Symbolic Mathematics Finally Yields to Neural Networks

After translating some of math’s complicated equations, researchers have created an AI system that they hope will answer even bigger questions.

More than 70 years ago, researchers at the forefront of artificial intelligence research introduced neural networks as a revolutionary way to think about how the brain works. In the human brain, networks of billions of connected neurons make sense of sensory data, allowing us to learn from experience. Artificial neural networks can also filter huge amounts of data through connected layers to make predictions and recognize patterns, following rules they taught themselves.

By now, people treat neural networks as a kind of AI panacea, capable of solving tech challenges that can be restated as a problem of pattern recognition. They provide natural-sounding language translation. Photo apps use them to recognize and categorize recurrent faces in your collection. And programs driven by neural nets have defeated the world’s best players at games including Go and chess.

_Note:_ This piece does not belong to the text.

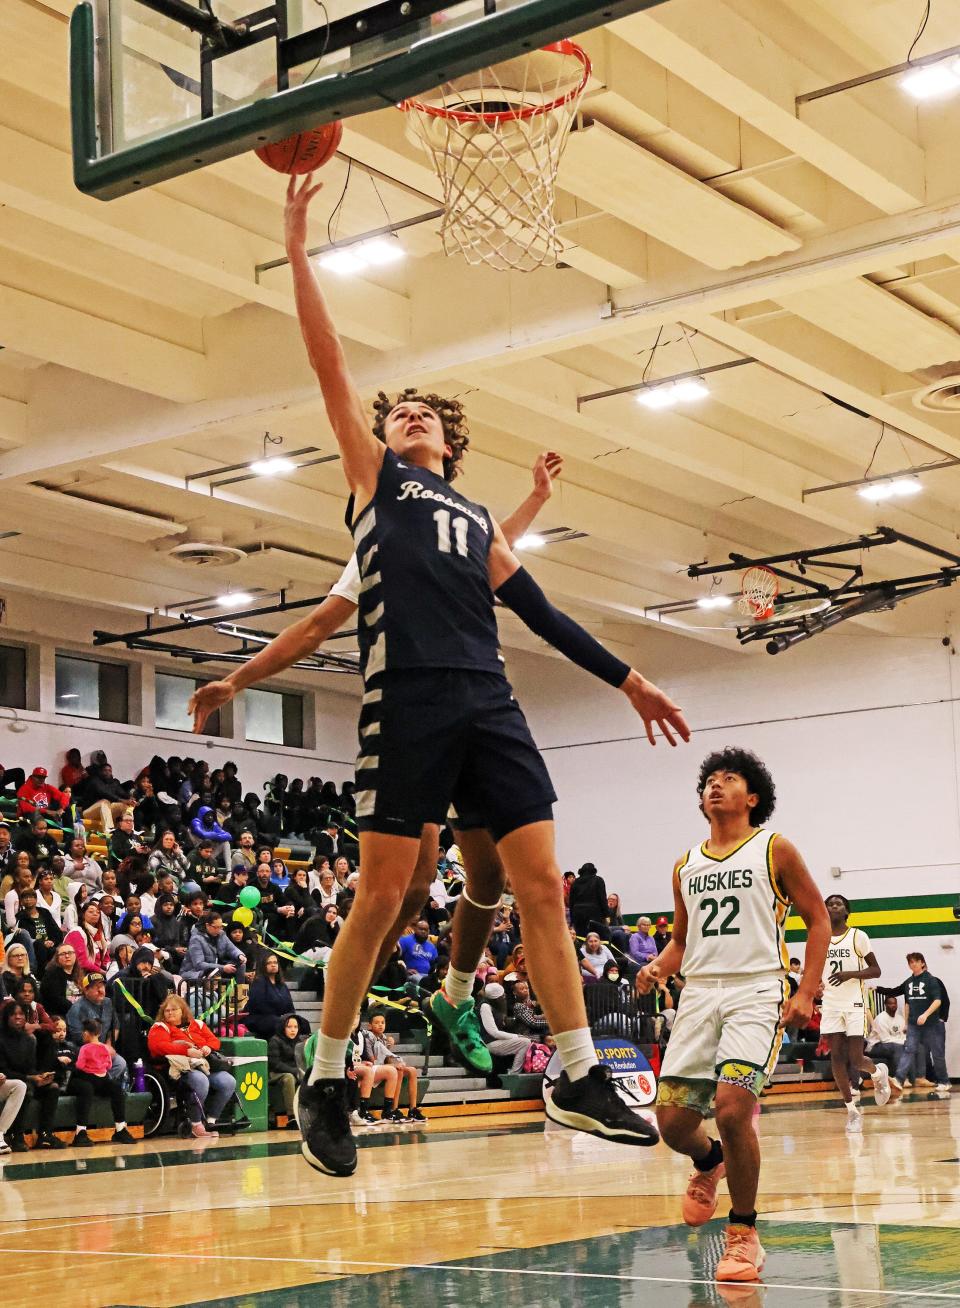 Charlie King (11) drives to the hoop as the Roosevelt Roughriders compete against the Hoover Huskies.

However, neural networks have always lagged in one conspicuous area: solving difficult symbolic math problems. These include the hallmarks of calculus courses, like integrals or ordinary differential equations. The hurdles arise from the nature of mathematics itself, which demands precise solutions. Neural nets instead tend to excel at probability. They learn to recognize patterns — which Spanish translation sounds best, or what your face looks like — and can generate new ones.